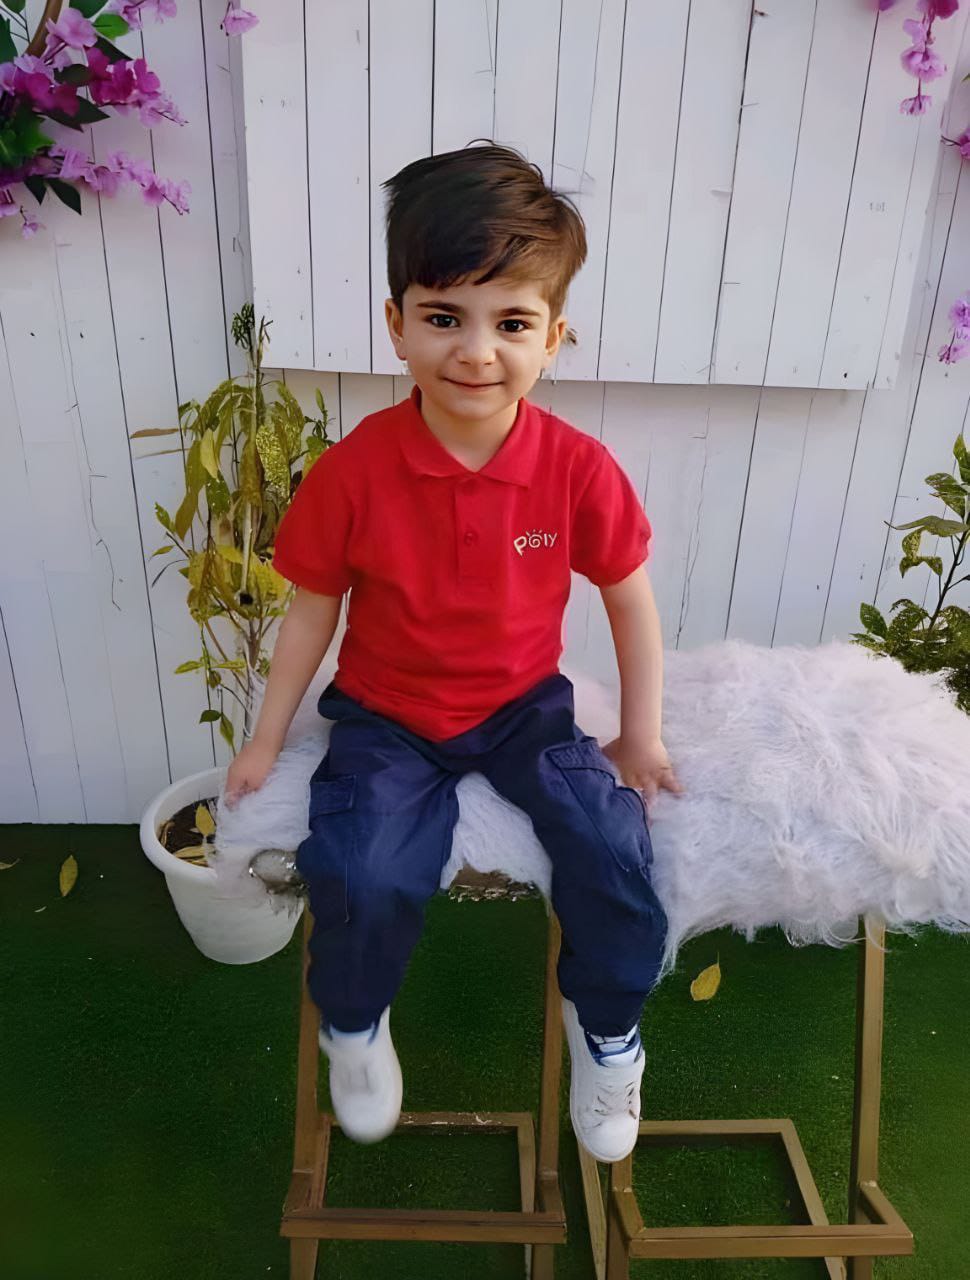 الطفل تميم داوود توفي في قطاع غزة نتيجة نوبة هلع من أصوات الانفجارات، 10 أيار/مايو 2023 
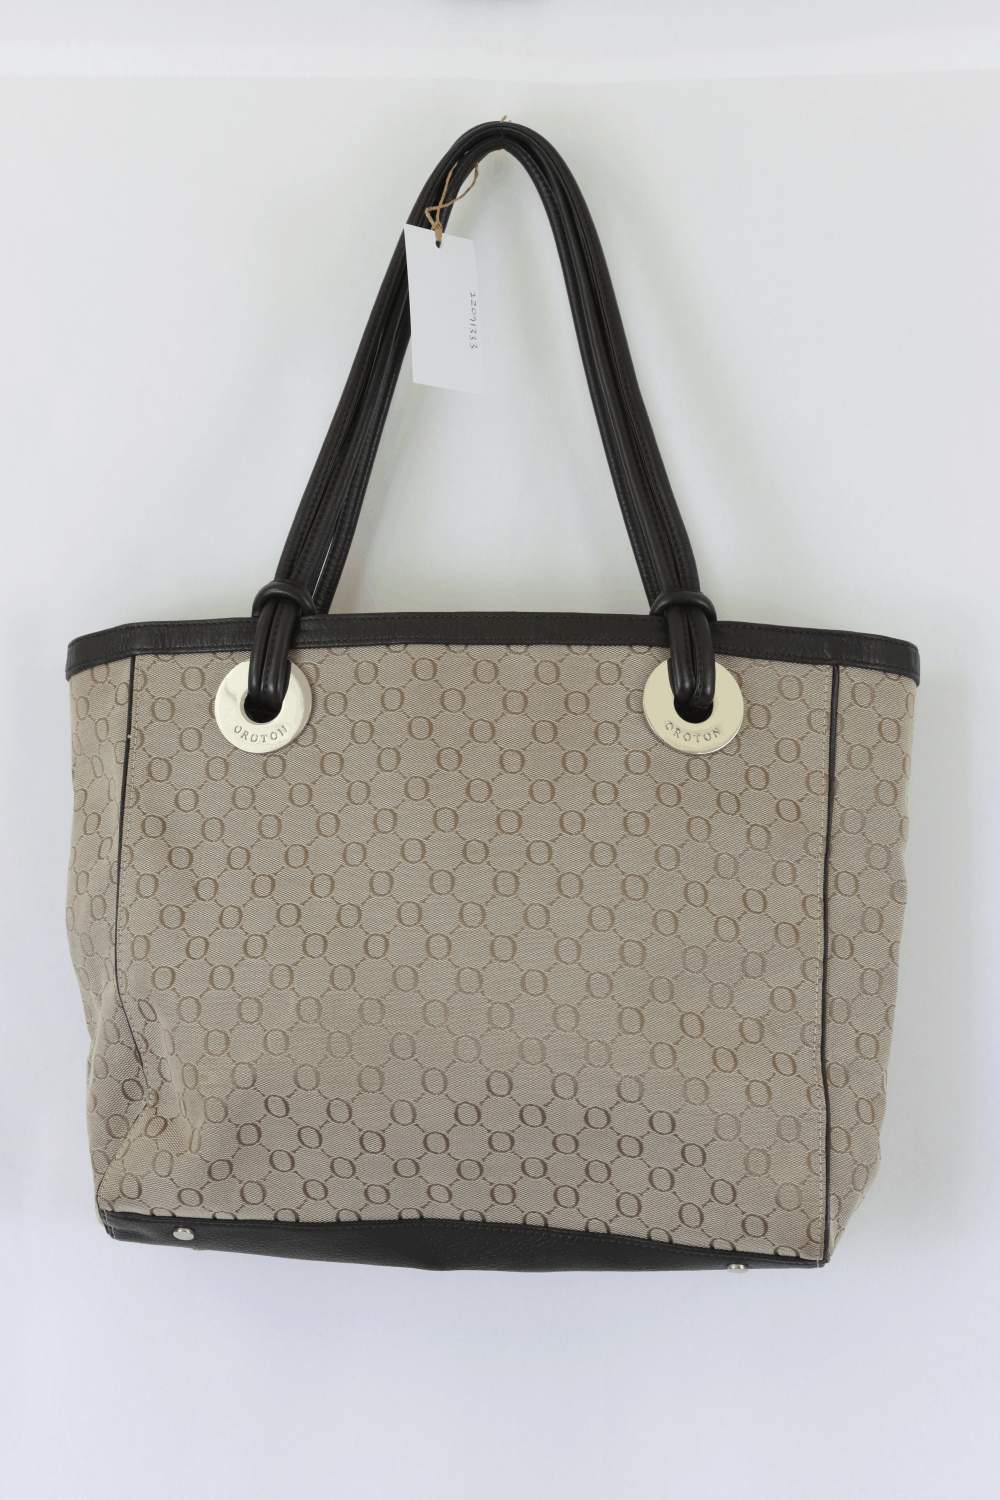 Introducing Oroton Handbags - PurseBlog
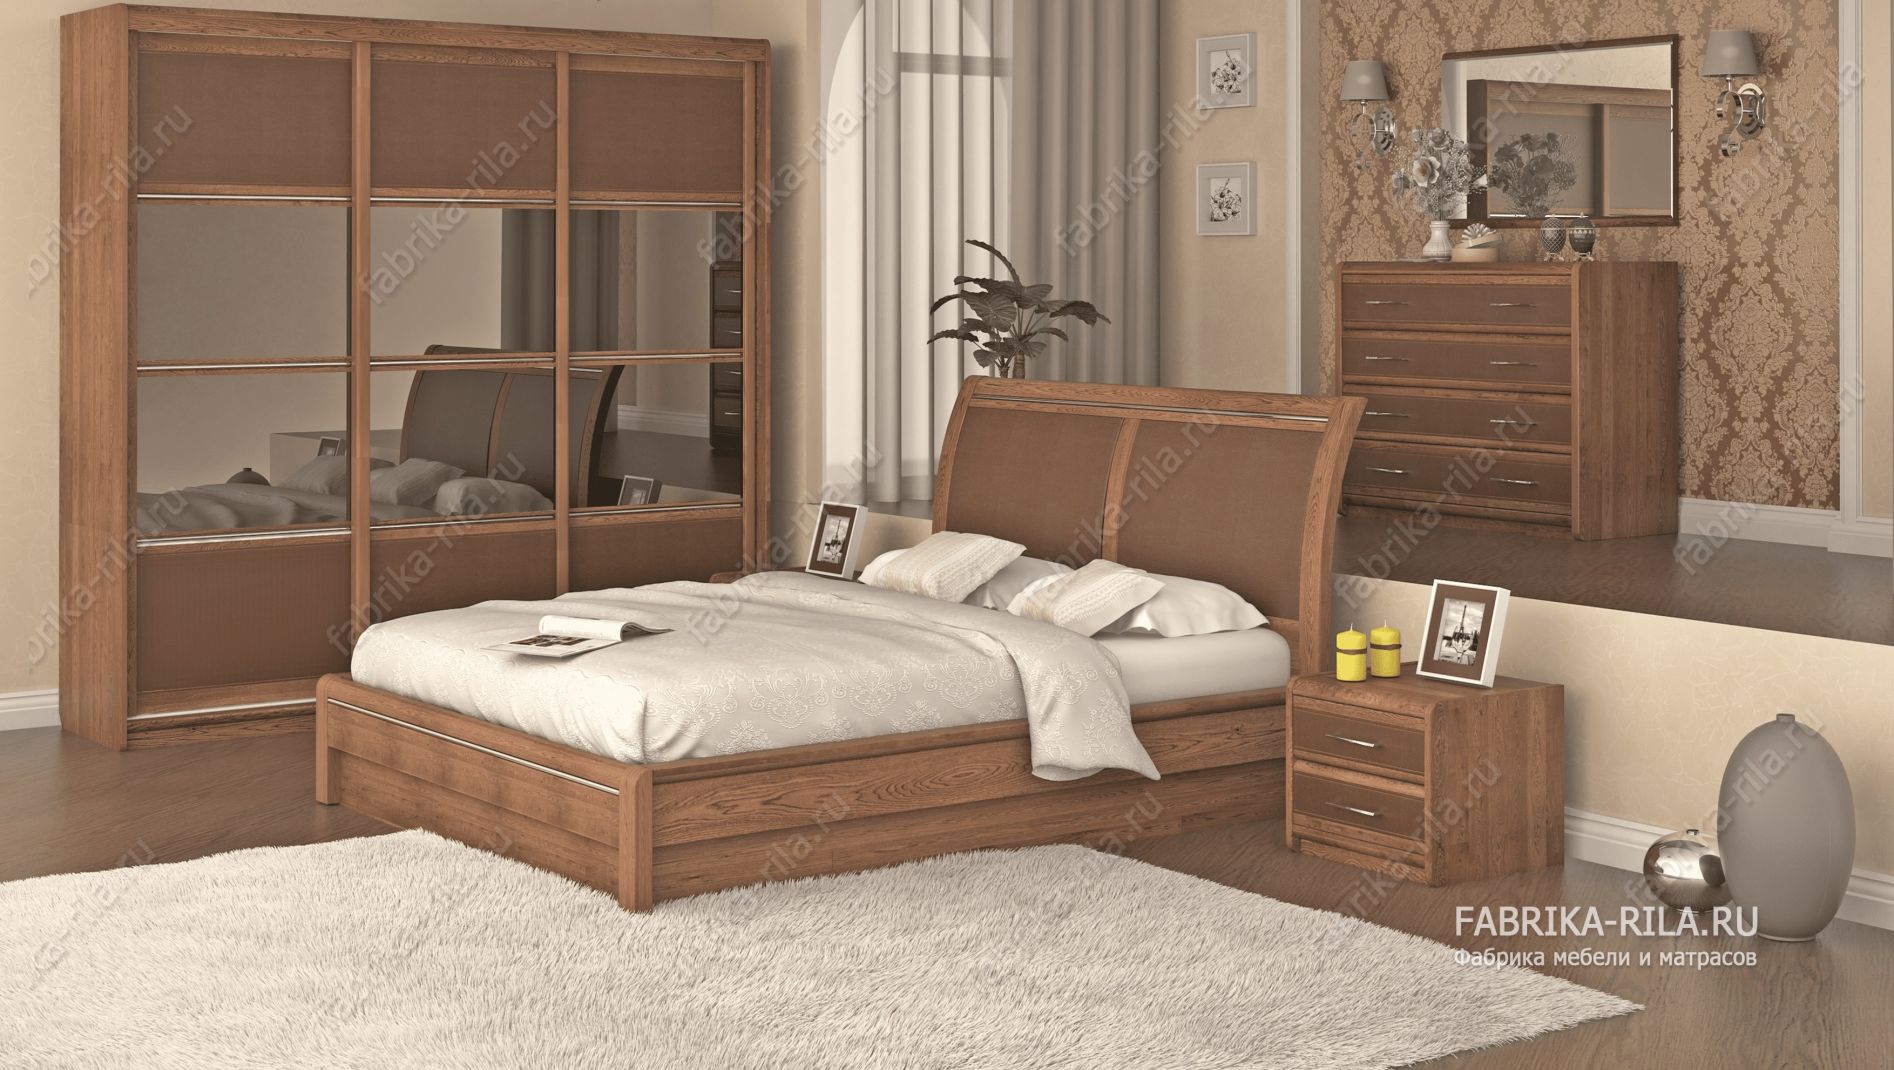 кровать Okaeri 6 см— 140x190 см. из сосны
====
◆ Aim of the exercise
Retype the data above exactly. Leave the pictures out.

◆ Solution to this exercise
 الطفل تميم داوود توفي في قطاع غزة نتيجة نوبة هلع من أصوات الانفجارات، 10 أيار/مايو 2023 
 Introducing Oroton Handbags - PurseBlog
 кровать Okaeri 6 см— 140x190 см. из сосны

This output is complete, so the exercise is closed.